Cardiac Bypass Surgery

Cardiac Bypass Surgery: What Are The Risks And Complications?

Any medical procedure has possible risks and complications. The most common risks in bypass surgery include:

  • Too much bleeding, requiring more surgery
  • Infection of the wound
  • Stroke, the sudden death of brain cells due to lack of oxygen caused by a blockage
  • Blood clots
  • Organ failure (liver, kidney, lung)
  • Heart attacks occur in 5% to 10% of patents, and are the main cause of death.

While survival rates for cardiac bypass surgery are good, if the above complications are severe, they can cause mortality (death). This may occur in about 3% of bypass operations.

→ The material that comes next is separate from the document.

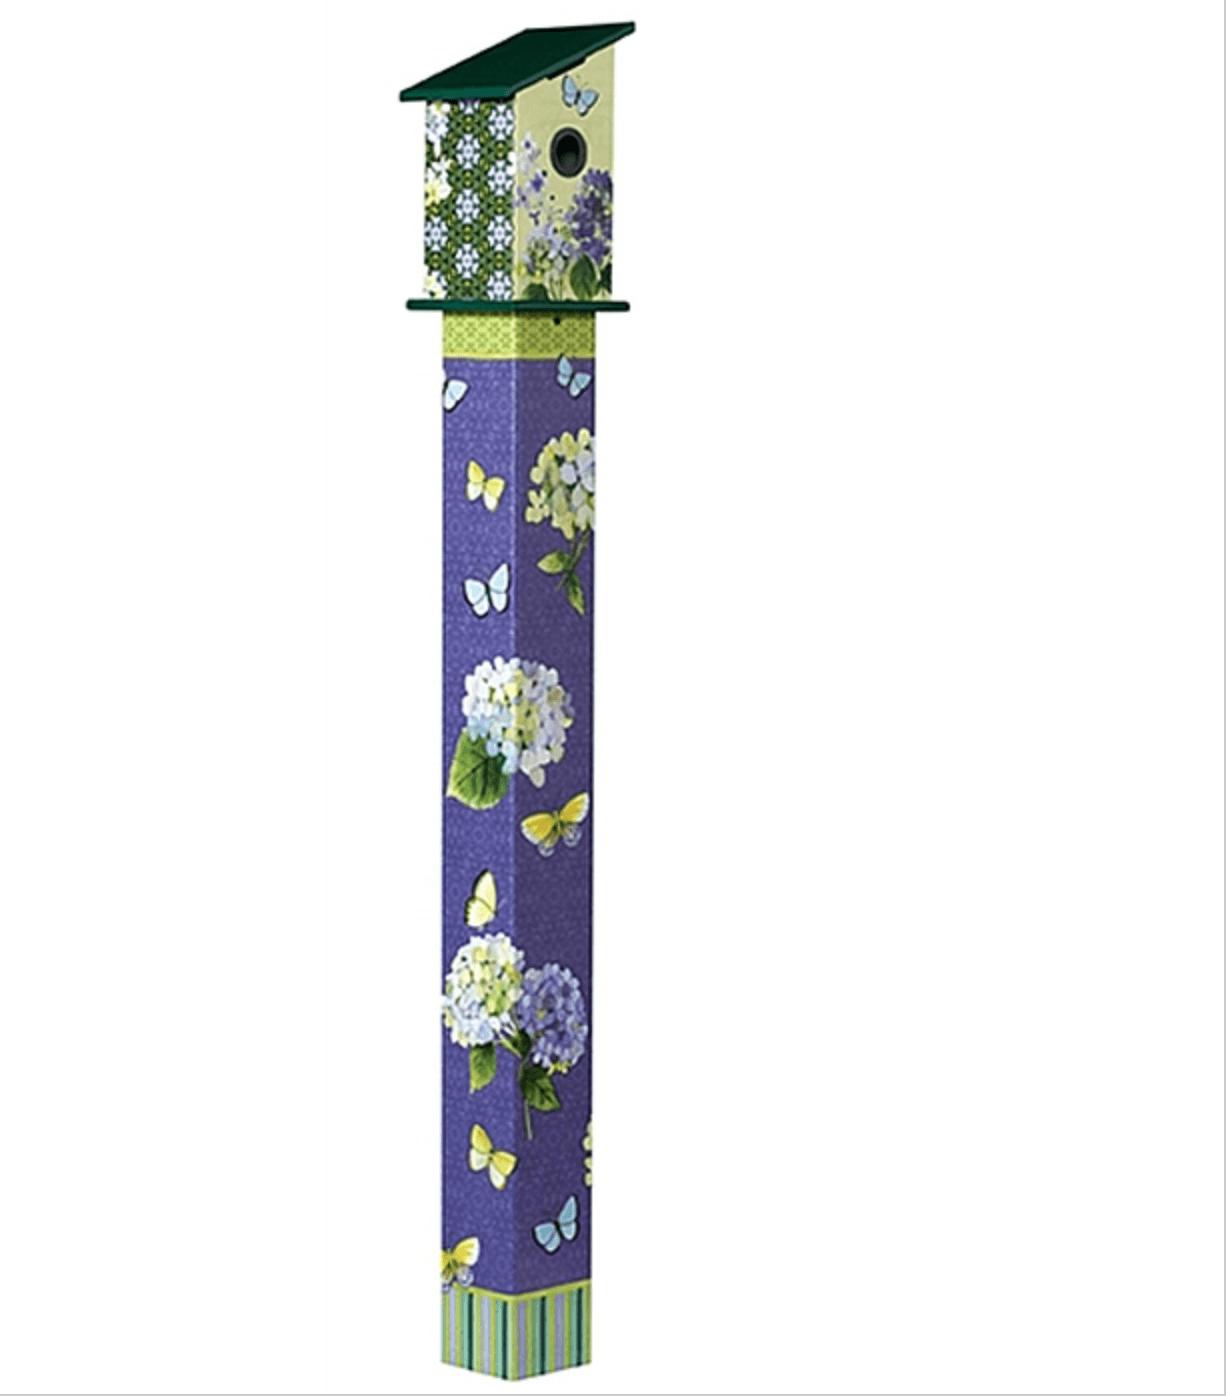 birdhouse art pole

Complications increase with:

  • Increased age
  • Poor heart muscle function
  • Blockage of the main coronary artery
  • Diabetes
  • Chronic lung disease
  • Chronic kidney failure
  • Being a woman, as they develop the disease about 10 years later than men because they are protected by hormones prior to menopause. Women are generally smaller than men, with smaller coronary arteries, which may also make the procedure more difficult.

Need To Know:

Long-term results of coronary bypass surgery

The long-term success of your surgery depends upon a variety of factors individual to you. You can control some factors such as your lifestyle (diet, physical activity and stress management), but others such as family history, can’t be controlled. Here are some of the average long terms results for coronary bypass surgery:

  • 5-10% of bypass vessels become blocked within the first 2 weeks after surgery due to blood clotting.
  • Another 10% of close off between 2 weeks and 1 year after surgery. Taking aspirin to thin the blood has been shown to reduce these later closings by 50%.
  • After 10 years, 2/3 of vein grafts are open, but 1/2 of these have some narrowing.
  • The use of arteries rather than veins for bypass greatly improves the likelihood of the vessels remaining open (90%) 10 years after surgery.